● THE TASK:
The result should be an exact copy of only the lines from the one holding "Gearwrench 7mm Ball" through the last line of the data below, please, without pictures.

● PROVIDED DATA:

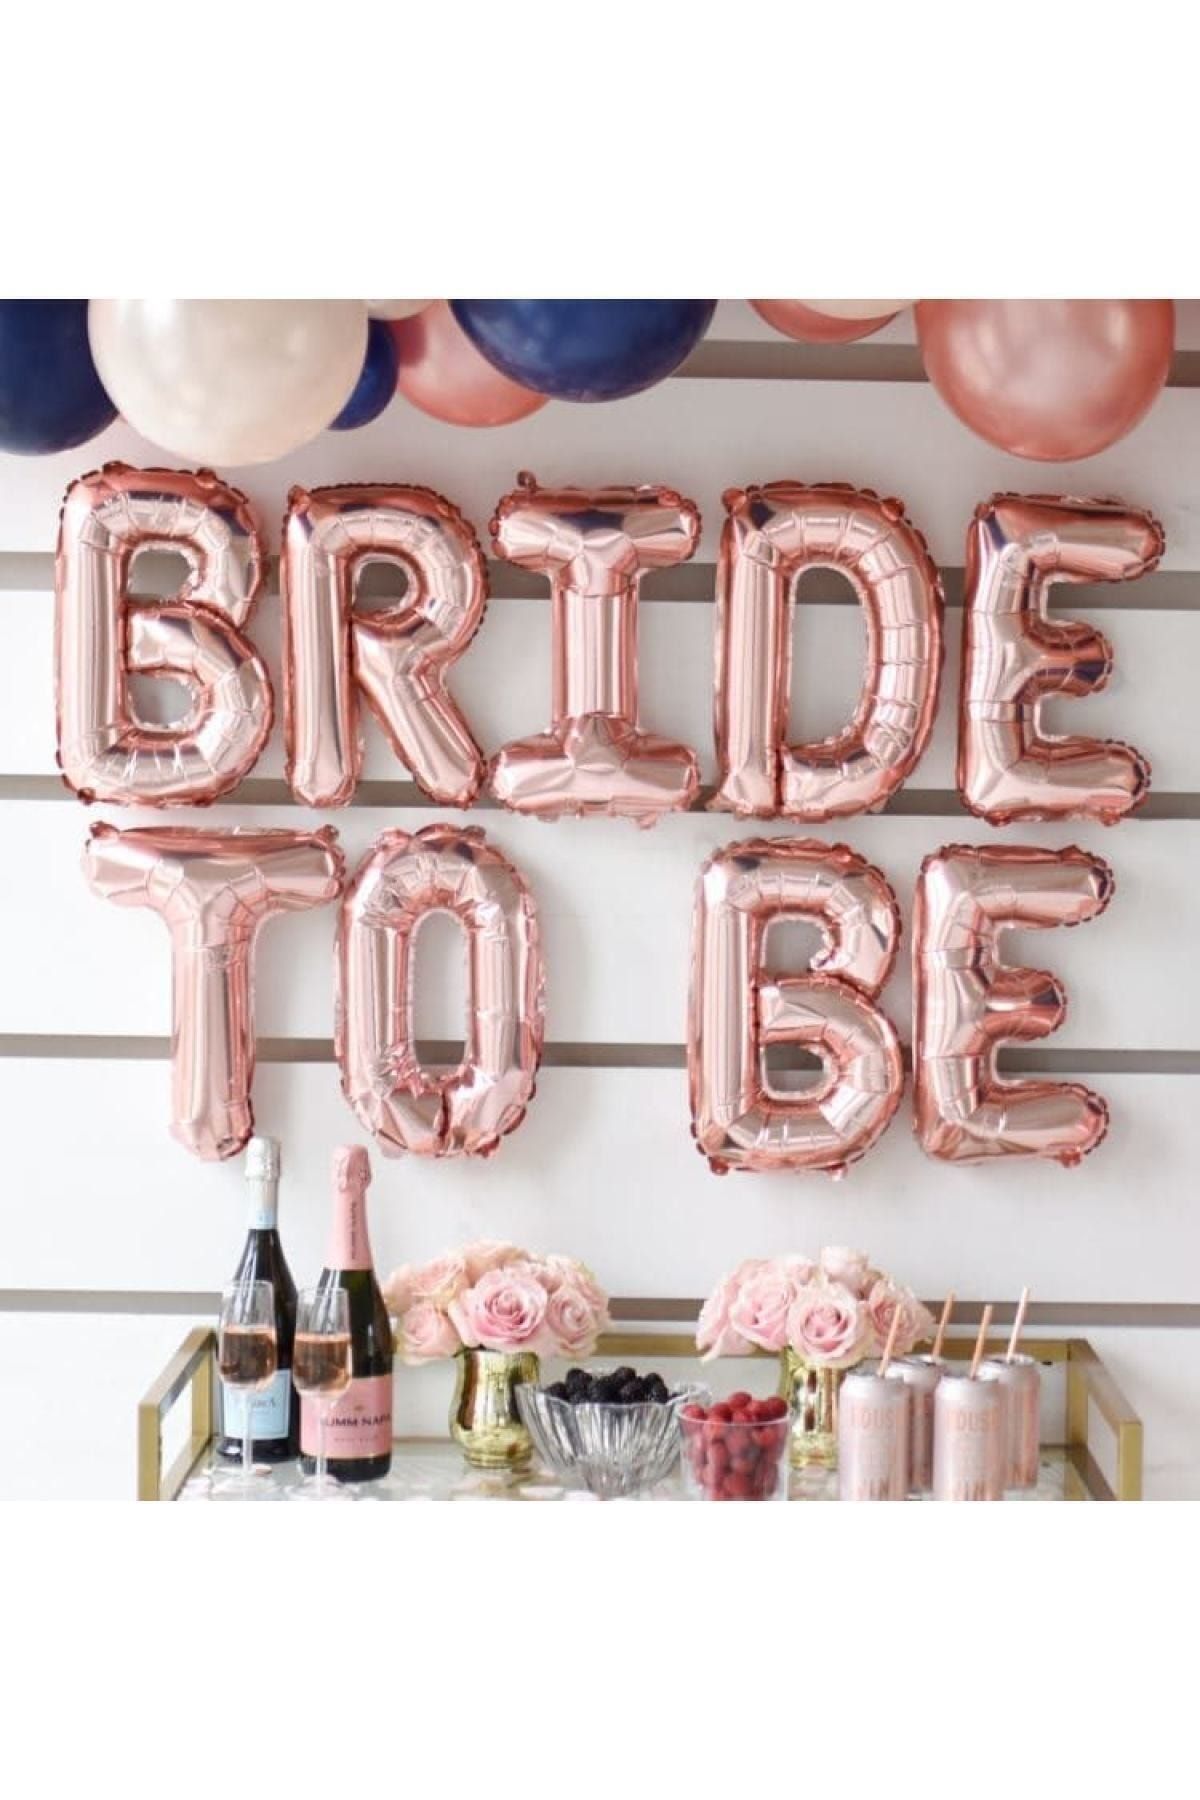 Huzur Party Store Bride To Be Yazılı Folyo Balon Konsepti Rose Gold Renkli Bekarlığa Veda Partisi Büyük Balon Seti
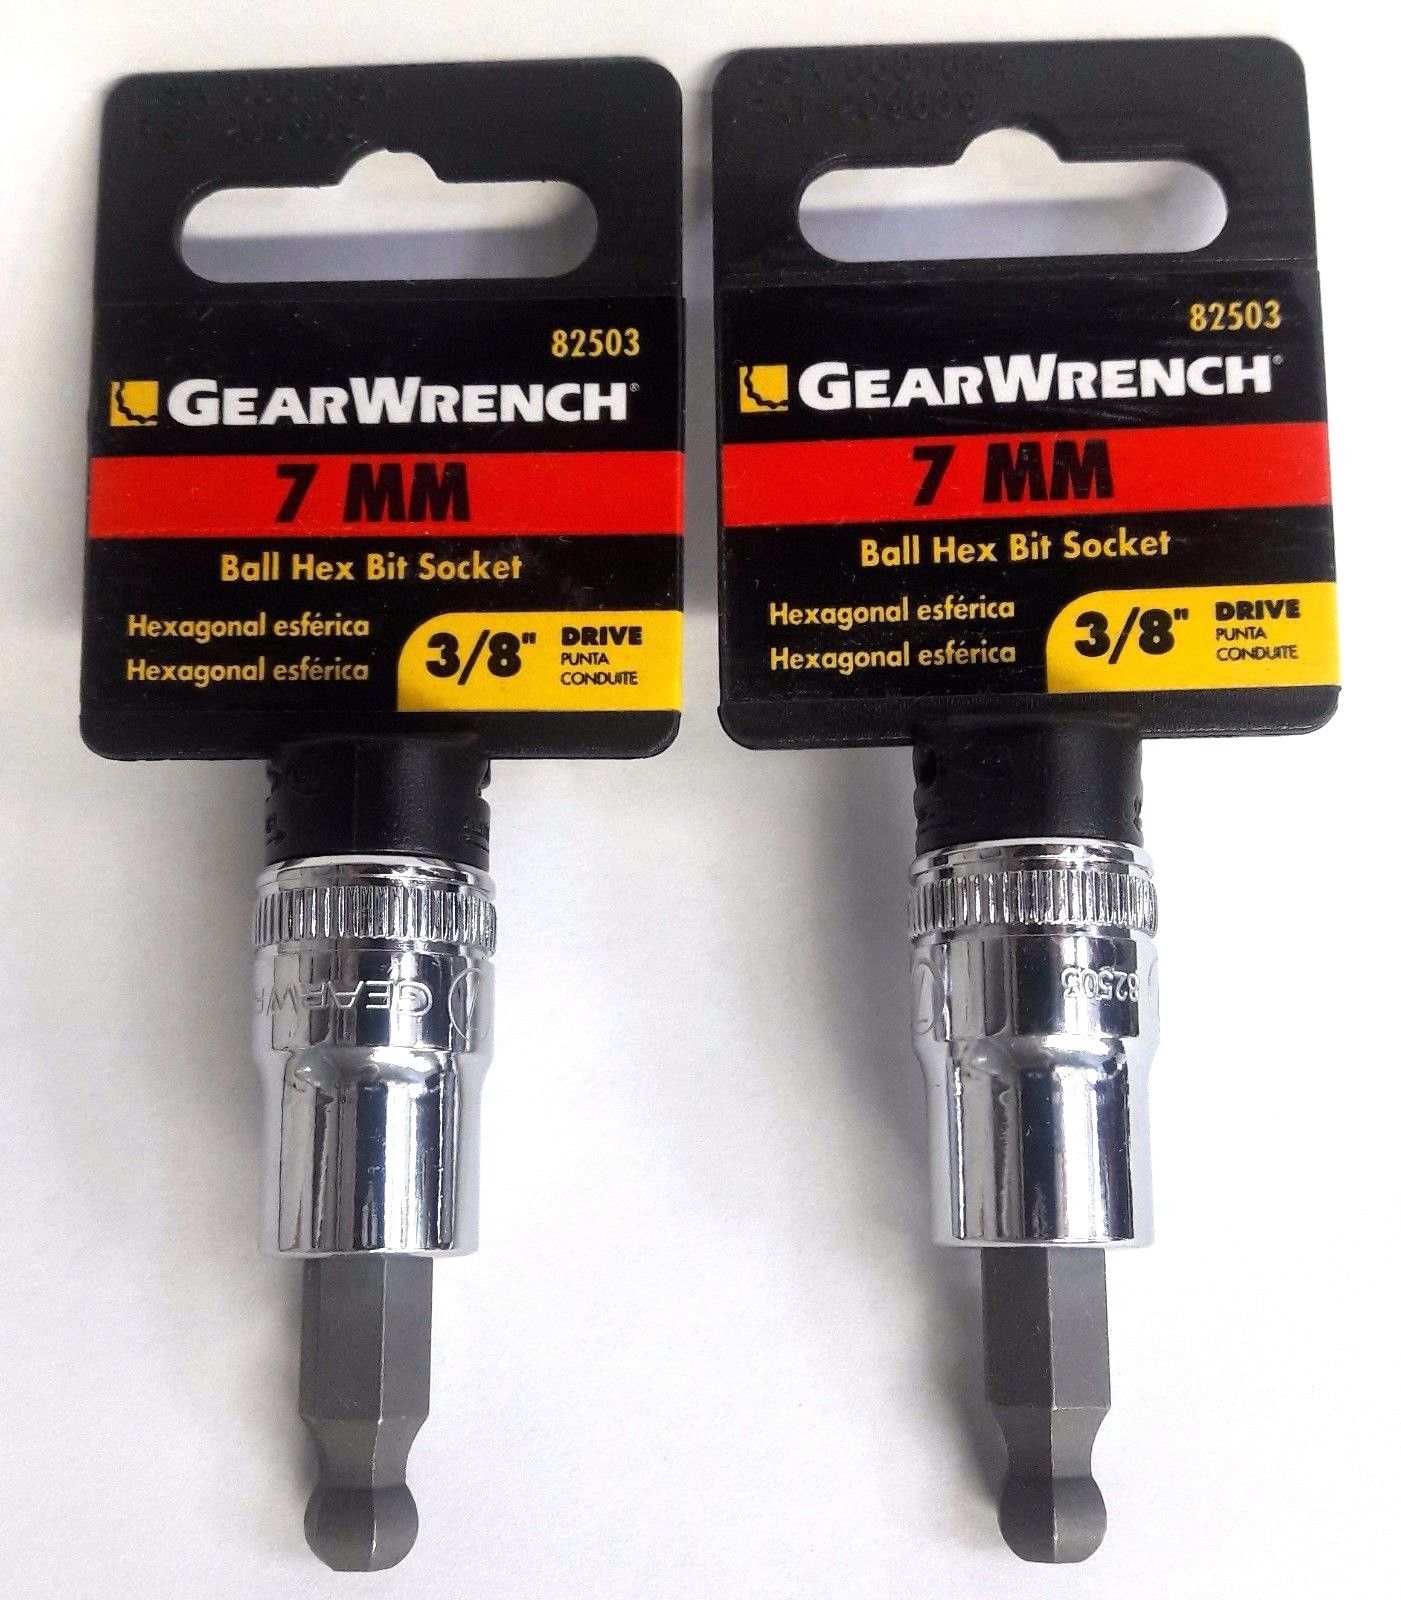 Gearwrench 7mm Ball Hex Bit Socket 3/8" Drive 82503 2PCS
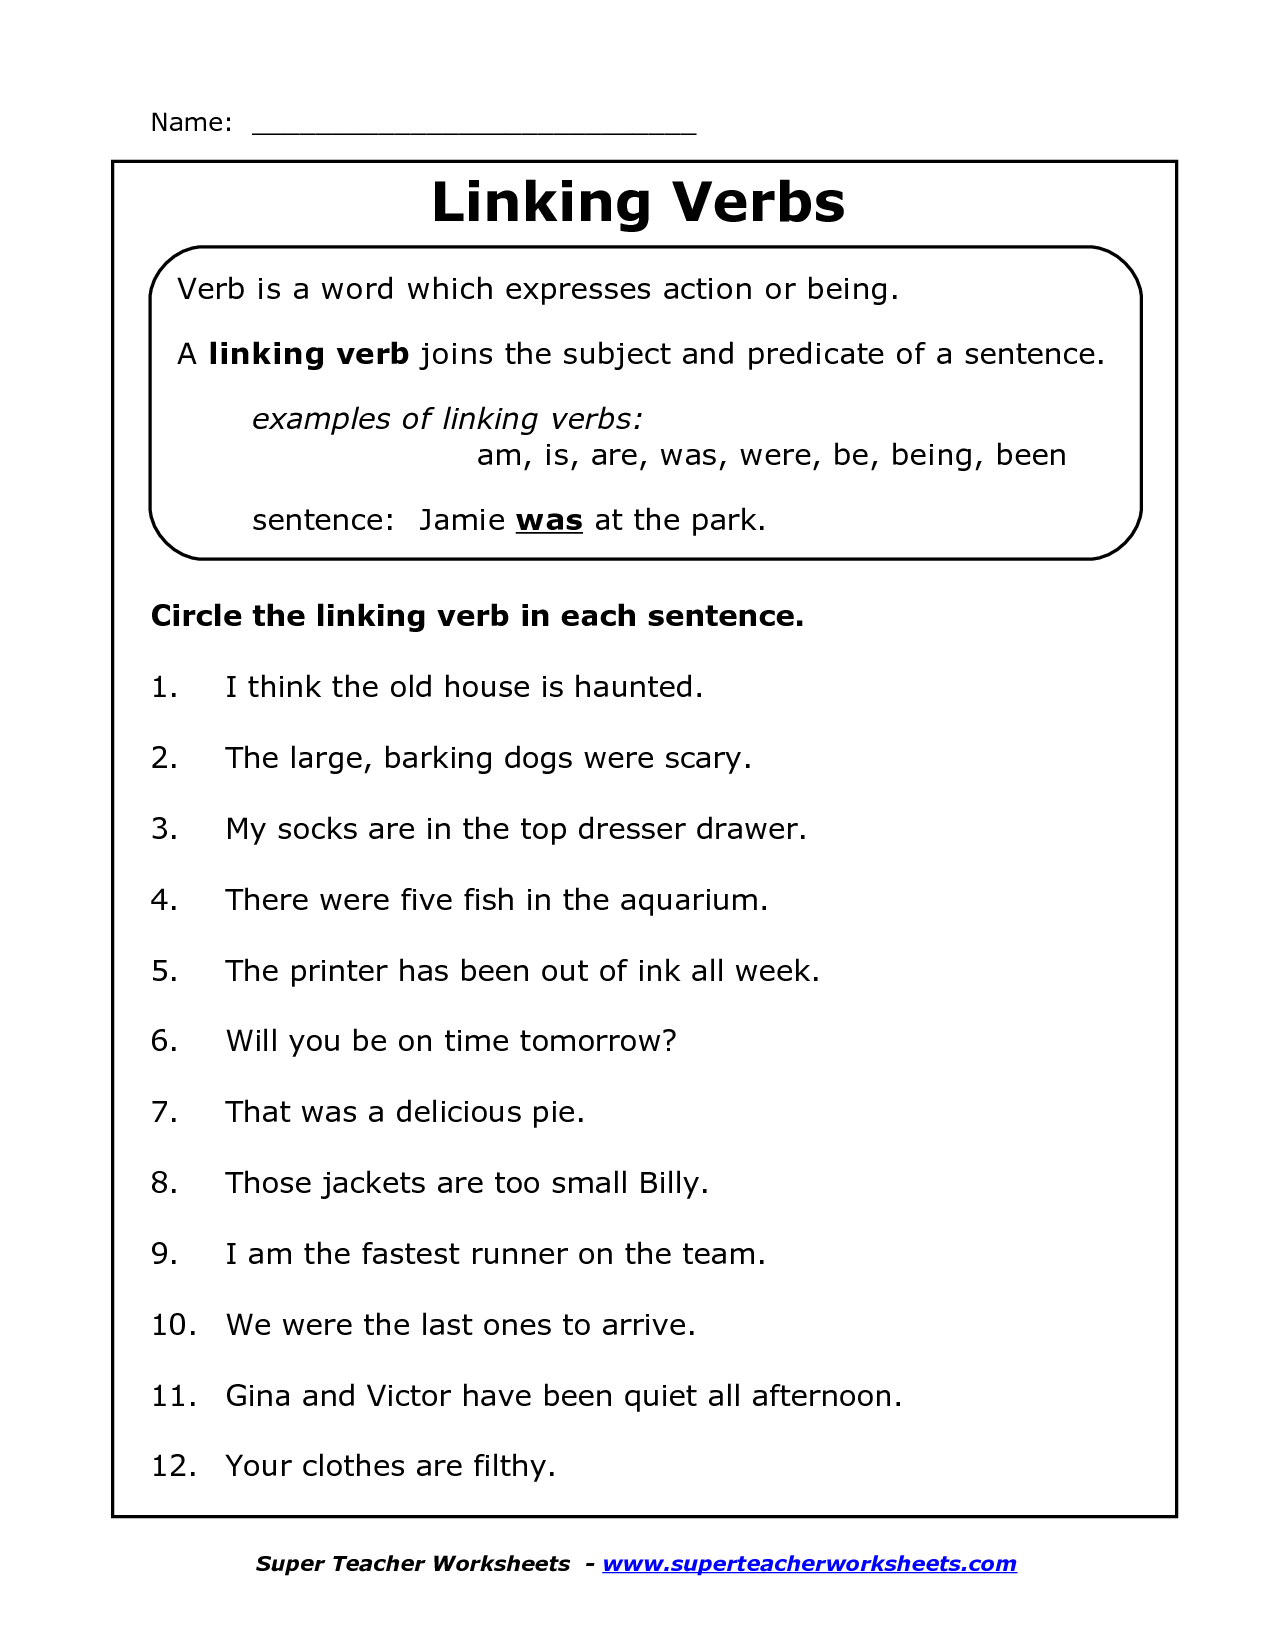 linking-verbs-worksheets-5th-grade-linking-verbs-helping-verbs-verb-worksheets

● EXERCISE OUTPUT:
 Gearwrench 7mm Ball Hex Bit Socket 3/8" Drive 82503 2PCS
 linking-verbs-worksheets-5th-grade-linking-verbs-helping-verbs-verb-worksheets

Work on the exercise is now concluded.